Jumlah penduduk Batubara mencapai sekitar 348.000 orang lebih. Sebahagian besar adalah petani yaitu sebesar 32,5%. Kemudian buruh perkebunan 18%, nelayan 17,5%, sisanya 32 % buruh bangunan, pengrajin, pedagang, karyawan, dan berbagai mata pencaharian lainnya. Khusus di Desa Padang Genting mayoritasnya adalah nelayan. Migrasi Berbagai Kelompok Etnik ke Batubara

Migrasi suku Minangkabau, Mandailing, Batak Toba, Simalungun, Karo, dan lainnya ke pesisir timur Sumatera Utara memberi dampak terhadap kebudayaan di daerah Batubara. Kabupten ini merupakan daerah penghasil utama songket Melayu di kawasan ini.

Pembahasan mengenai sejarah kabupaten ini, yaitu Kabupaten Asahan (di dalamnya Batubara) dan Kota Tanjungbalai, tidak dapat dipisahkan satu dengan yang lainnya, karena kedua daerah ini mempunyai latar belakang sejarah yang sama yang tercakup dalam sejarah Asahan. Tanjungbalai pernah menjadi ibu kota Asahan sejak tahun 1934 yang dipindahkan dari Rantau Panjang.
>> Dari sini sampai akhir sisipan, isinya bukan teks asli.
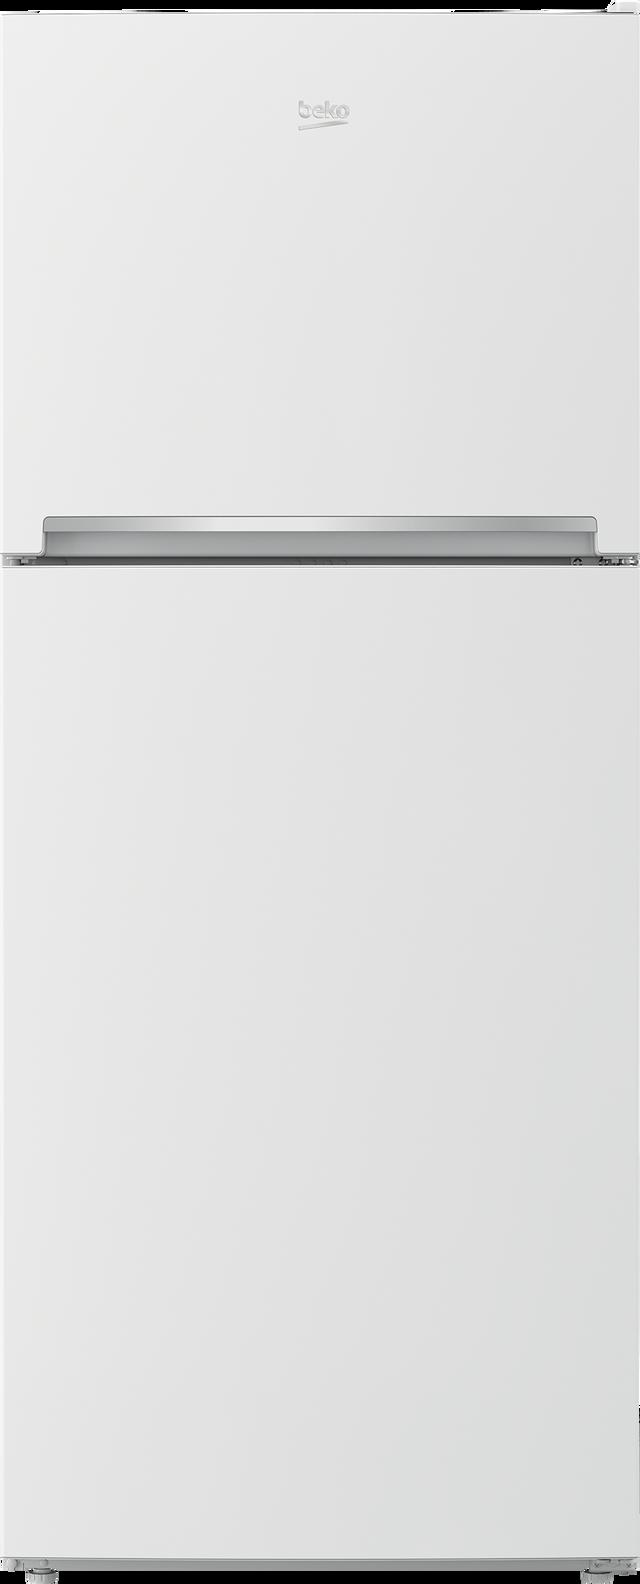 Beko 13.5 Cu. Ft. White Counter Depth Top Mount Refrigerator-BFTF2716WH

Pada tahun 1933 Asahan diperintah oleh Sultan Syaibun Abdul Jalil Rahmatsyah, sebagai sultan kesebelas Negeri Asahan (Meuraxa, 1973:187-201).

Etnik Melayu di Asahan merupakan percampuran dari masyarakat Melayu itu sendiri ditambah dengan suku Batak Toba, Simalungun, Karo, dan Mandailing. Empat suku terkahir ini sering pula disebut dengan Batak. Sementara suku Minangkabau yang juga mempunyai sumbangan dalam bahasa dan kemungkinan kain tenun songket terutama di daerah Batubara, diperkirakan mereka datang lebih belakangan dibanding empat suku seperti disebut di atas.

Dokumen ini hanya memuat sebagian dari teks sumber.